I have not had much contact with Dawn over the last month and a half so to get this news out of the blue was like a punch you didn’t see coming. At this point all I can hope is that whatever injuries she has suffered are not of the long term debilitating variety. If my near death accident in October didn’t teach me a hard enough lesson regarding the potential frailty of life, especially when riding on a one wheeled self balancing device, this incident engraved it in stone.

Yes every day you are rolling the dice, you never know if something could take you out. But when we willingly place ourselves in situations where only a moment of unawareness can lead to such catastrophic results you have to really do a thorough evaluation of your risk/reward equations. If you have a family that equation gets even more complicated.

I’m not a religious person but if you are, please say your prayers for Dawn. I have been trying to send her positive energy in my own way. There may be a hiatus to my posting anything in the blog for awhile. It just doesn’t feel very important.

Upright, Patience pays off, Waiting for permission

Yesterday my back pain was somewhat improved from the previous day. I was able to get myself upright without major issues. I even went to the gym and worked out, albeit limited in what I could do. Two advil helped that effort. Last night I once again laid on the ice pack for 20-30 minutes to numb up the problem area. I am hoping that by the end of the weekend I am more or less normal.
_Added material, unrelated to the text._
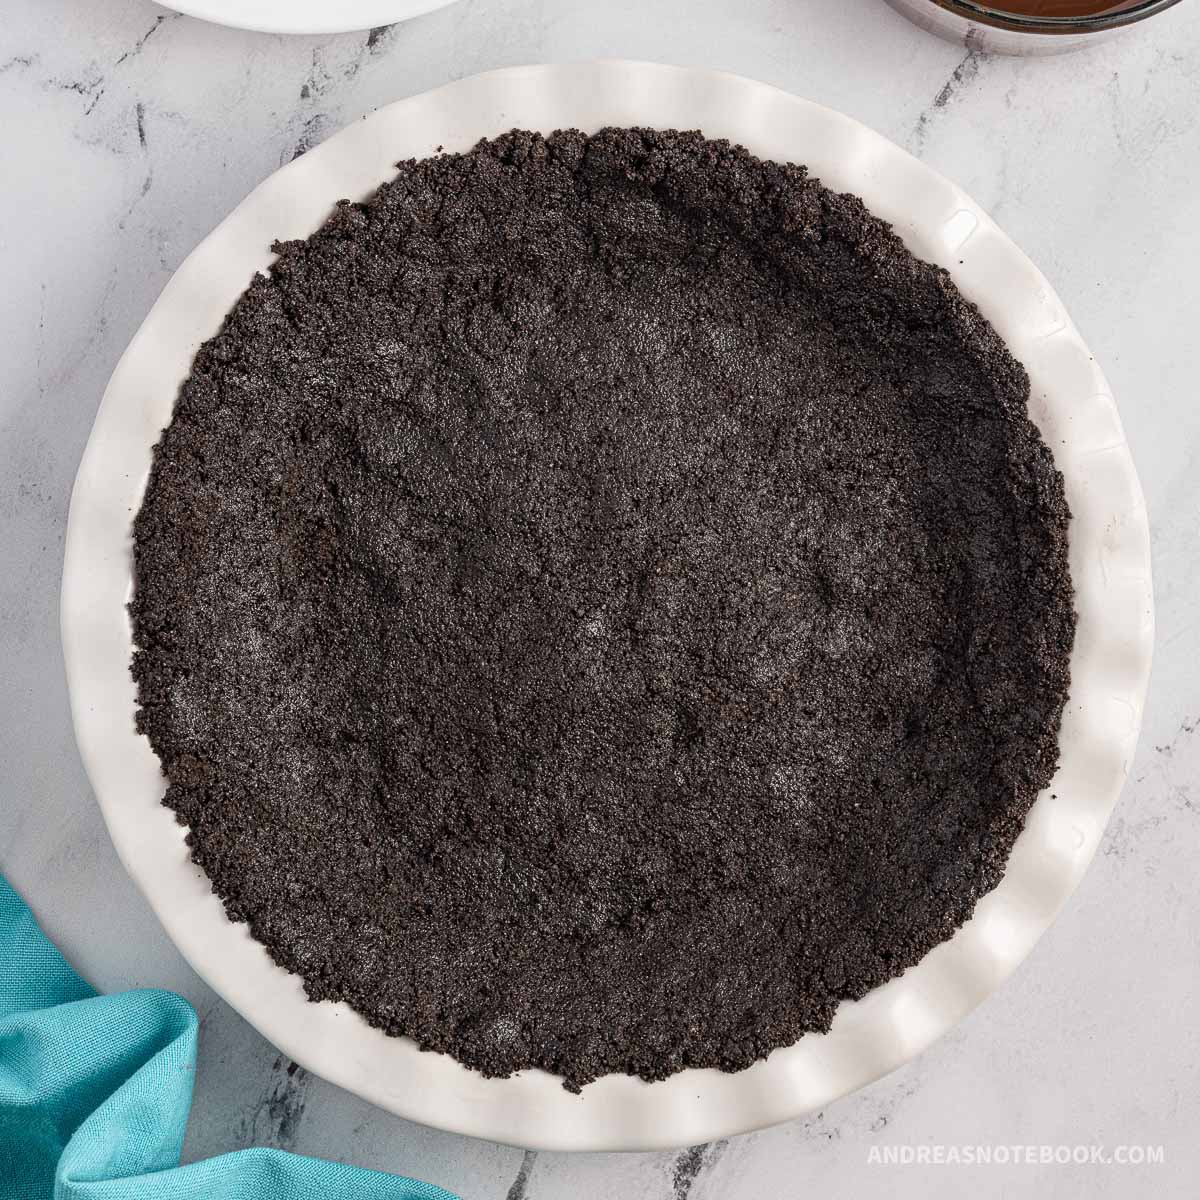 No bake chocolate oreo pie crust in a white pie pan.

Last night I started a new print on the A1, an articulated Sponge Bob model for a friend. This model was not multicolor but I was able to transform it into one with Bambu Lab Studio. In that software you can “paint” color onto a model in any way you please. It can be a bit tricky so I am curious to see how it turns out in the end.
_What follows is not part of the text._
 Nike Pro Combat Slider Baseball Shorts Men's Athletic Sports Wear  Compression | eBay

Yesterday Inmotion announced a new wheel the V9. This wheel is the smallest and lightest suspension wheel on the market while containing a lot of great features. It also is priced very well in today’s overpriced electric unicycle market. I had the pull to snap buy the wheel more than once, sitting on the checkout page a few times during the day but I resisted the urge. I already have a new wheel coming and I need to get my financial reality a bit more settled than it has been for a good portion of 2024. So despite the impulsive urge to buy the wheel I closed the browser window, knowing it was the most responsible thing to do. It was a good thing I did.
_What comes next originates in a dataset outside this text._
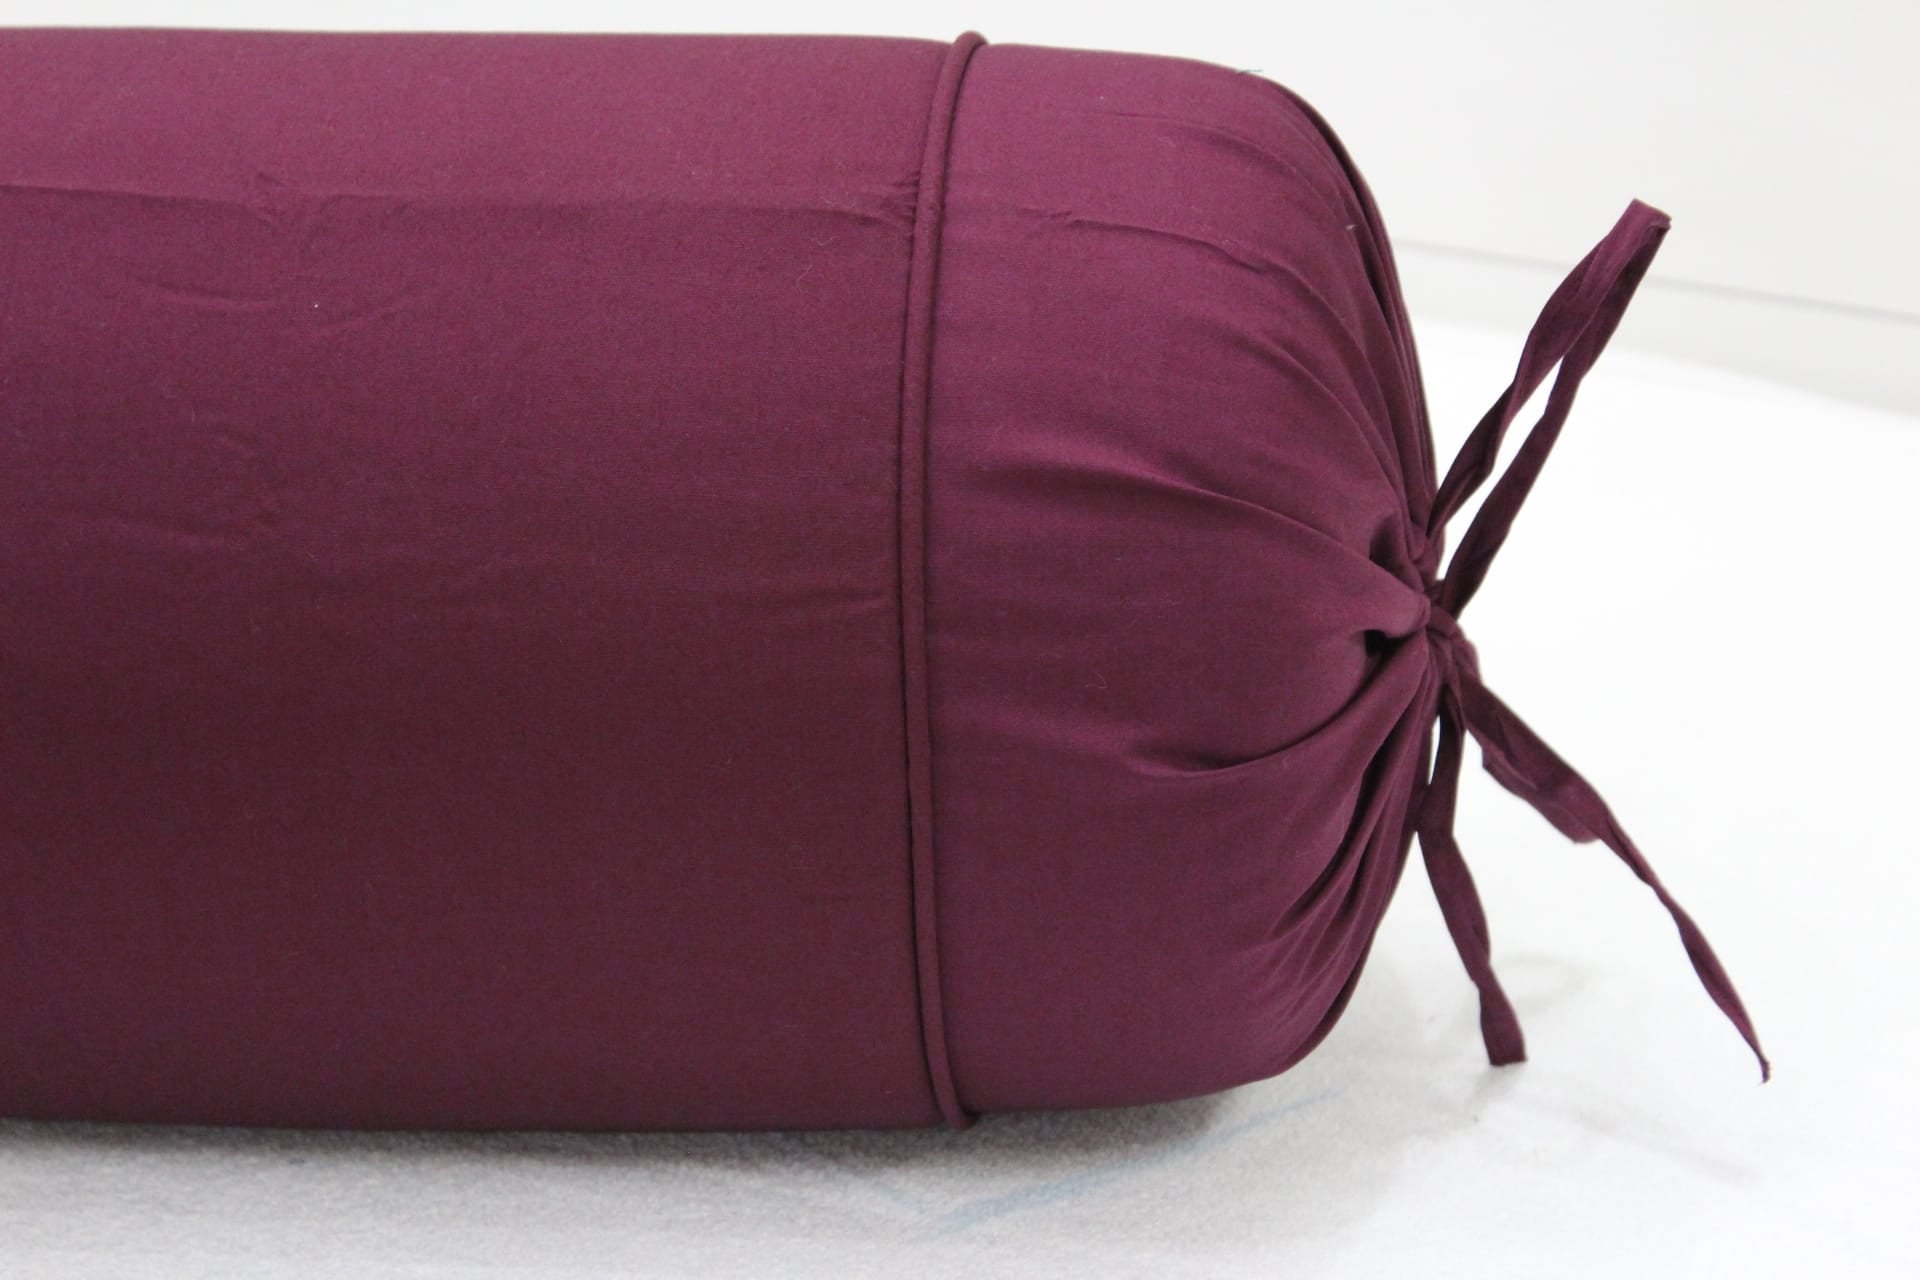 Comfortable Plain Cotton Bolster Cover Set 2pcs in Burgundy online

You may recall that Inmotion sent me their unique starter wheel, the E20 to evaluate and keep around the holidays. They liked the content I put out regarding it. I guess they liked it enough that they asked if I wanted to evaluate a V9 as well. Of course I said yes. I would have been very annoyed with myself if I let that impulse buy through only to find out the next day I was getting one sent to me. I am glad that fiscal restraint was exercised in this case.

Below you will see a true piece of art. It started life as a regular Eagles schedule but thanks to the amazing artistic ability of my buddy Rich it has been transformed into what you see below. The detail and thoughtfulness that has gone into this blows my mind. I envy his creativity and talent. Have a good weekend, I hope to do the same.

Cold better than hot

I muddled through the day yesterday with my aching lower back. I still went to the gym although there were certain things I just could not do. Of course my IT band issue still remains so the combination of these two things had me pretty miserable.

When I got home I got the idea to use my heating pad that also has a vibration function. I laid on it for at least a half hour with both the heat and vibration on the max setting. When I tried to get up afterwards it was awful. Instead of feeling better my back felt worse, way worse. I had to struggle mightily to just get myself upright to walk. The pain turned to anger. I was angry at my body for failing me.

A little later I got the idea to try my oversized ice bag on the area. It seemed like that was more effective than the heat/vibration. Maybe it’s just because everything felt numb afterward. I took three Advil before bed as well as a Unisom, hoping I would wake up magically feeling better.

I am marginally better and am at least functioning at a base level. I obviously am not going to attempt a yoga class today although I may still slowly walk over to the gym and find things I can do that don’t aggravate my lower back. I currently have four or five parts of my body that are consistently problematic right now. As always I will keep hammering away until I I can hammer no more.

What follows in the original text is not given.